Because those triples seem to have been lost.

[whikloj@jujo]/var/indexes/triples% grep 'http://islandora.ca/ontology/relsext#width' quads?.nq               
[whikloj@jujo]/var/indexes/triples% grep 'http://islandora.ca/ontology/relsext#height' quads?.nq
[whikloj@jujo]/var/indexes/triples% grep 'height' quads?.nq 
quads0.nq:<info:fedora/uofm:2625315> <http://purl.org/dc/elements/1.1/relation> "Manitoba Historical Society Resources:  Historic Sites of Manitoba--http://www.mhs.mb.ca/docs/sites/riverheightsschool.shtml" <ca.umanitoba.dam.fedora#ri> .
quads0.nq:<info:fedora/uofm:2629607> <http://purl.org/dc/elements/1.1/relation> "Winnipeg Architecture Foundation--http://www.winnipegarchitecture.ca/silver-heights-gates/" <ca.umanitoba.dam.fedora#ri> .
quads1.nq:<info:fedora/uofm:2631159> <http://purl.org/dc/elements/1.1/relation> "Manitoba Historical Society Resources:  Historic Sites of Manitoba--http://www.mhs.mb.ca/docs/sites/riverheightstelephone.shtml" <ca.umanitoba.dam.fedora#ri> .
[whikloj@jujo]/var/indexes/triples% grep 'width' quads?.nq
quads1.nq:<info:fedora/uofm:1414465> <http://purl.org/dc/elements/1.1/description> "The annotated back of a photograph of St. John's College at the University of Manitoba's Fort Garry Campus, showing the building while under construction with a large sign dominating the foreground. Annotations read: \"4. 3 col width. 6\" wide, 4 1/2\" deep. 2554.\"" <ca.umanitoba.dam.fedora#ri> .
[whikloj@jujo]/var/indexes/triples%

Answer 21 · 2018-03-28T15:17:08.000Z

I think we're hitting this. I will cut a branch with a proposed fix pronto. Before I do that, can you open a new ticket so we can close this one?

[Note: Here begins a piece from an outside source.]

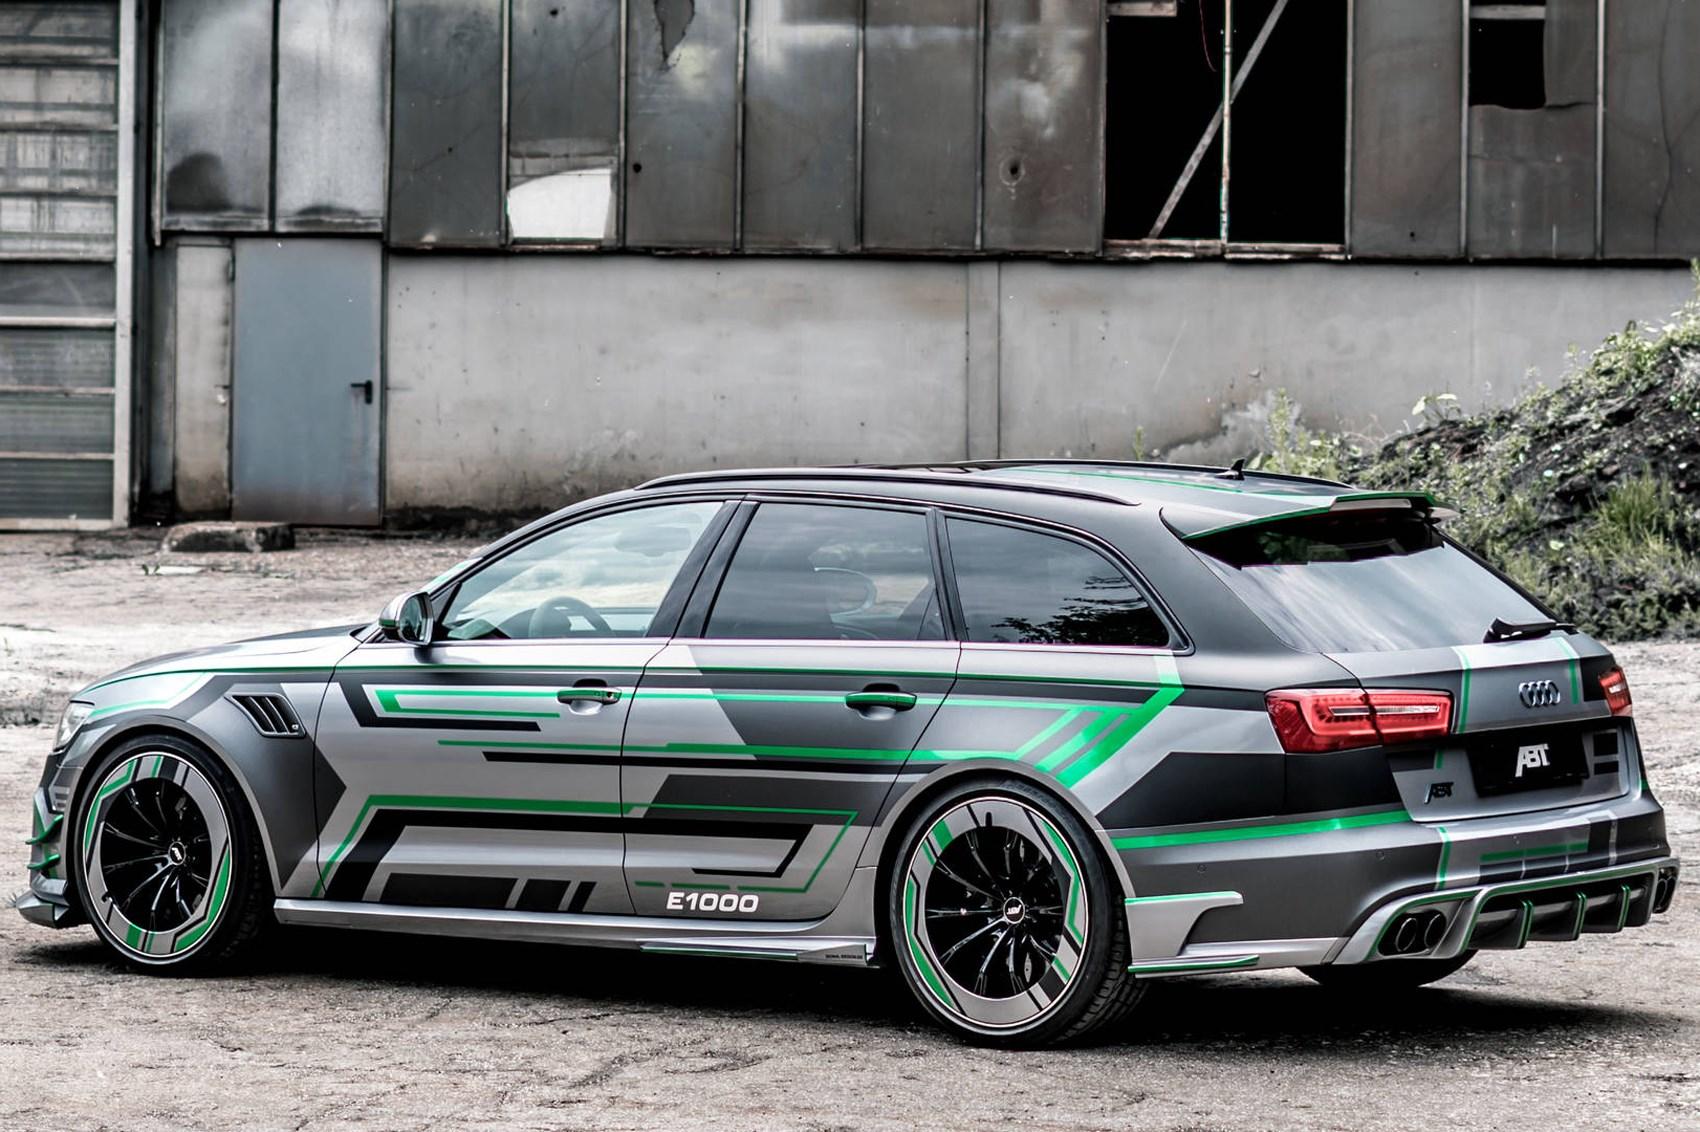 Kelebihan Kekurangan Audi 1000 Top Model Tahun Ini

As far as freezing on resume, that is weird. I haven't ever seen that, but I normally make use of nohup and tail -f the file to which it redirects SYSOUT, instead of trying to watch the SYSOUT of the utility itself.

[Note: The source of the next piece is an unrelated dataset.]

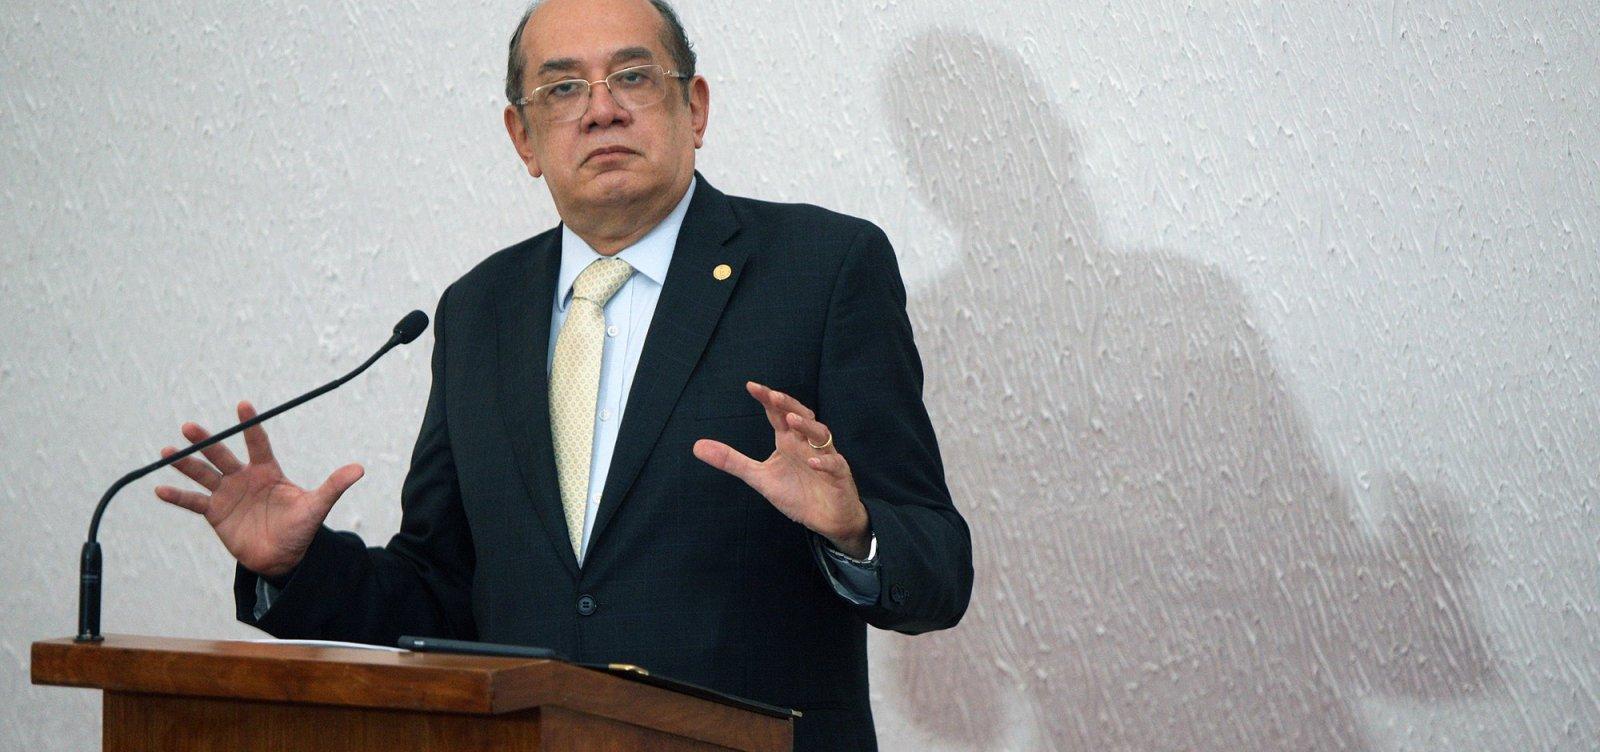 ['Lula é digno de um julgamento justo', diz Gilmar Mendes]

Answer 22 · 2018-03-28T15:24:46.000Z

P.S., for doing testing with this code, it's worth noting that you can use the CLI flags to select only a certain list of objects to index.

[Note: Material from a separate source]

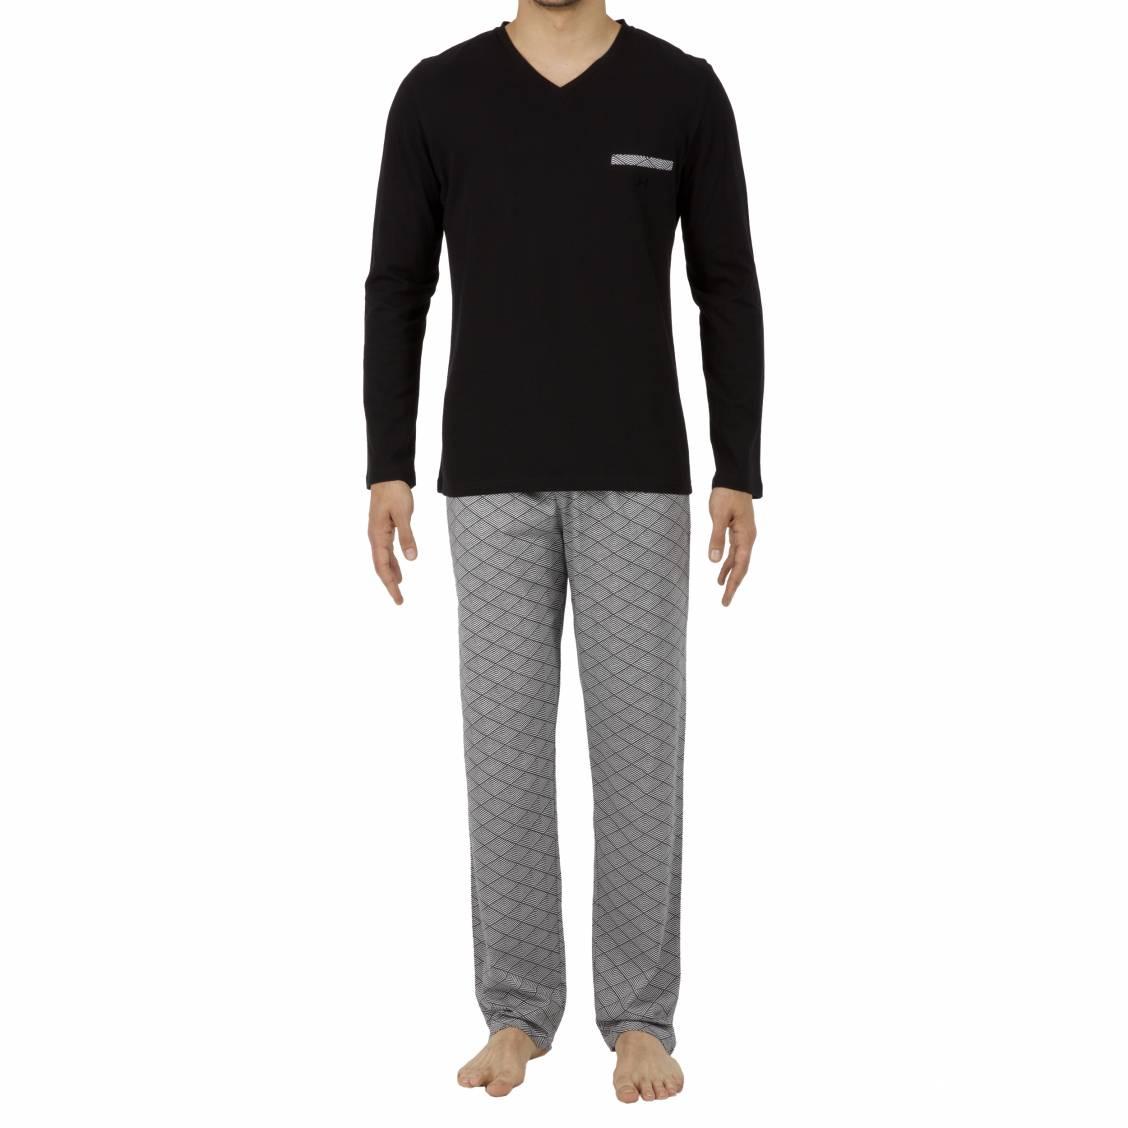 Pyjama long Hom Kaleido en coton : tee-shirt manches longues col rond noir et pantalon à motifs chevrons noirs et blancs

Answer 23 · 2018-03-28T16:17:24.000Z

@whikloj Closing this in favor of #5 .

Answer 24 · 2018-03-28T18:02:25.000Z

No memory errors with this branch. 👍

Answer 25 · 2018-03-28T21:44:22.000Z

Thanks, @whikloj ! Does "this branch" mean https://github.com/ajs6f/fcrepo3-rdf-extractor/tree/CorrectingStreaming? Because that has been merged into master, so we should be good to continue working with master. In fact, because of the last paragraph of #5 (comment), we really definitely surely very much ought to be working with master.

Answer 26 · 2018-03-29T14:17:46.000Z

Yes this branch means CorrectingStreaming and I will re-run a set of objects (say 100) today using master.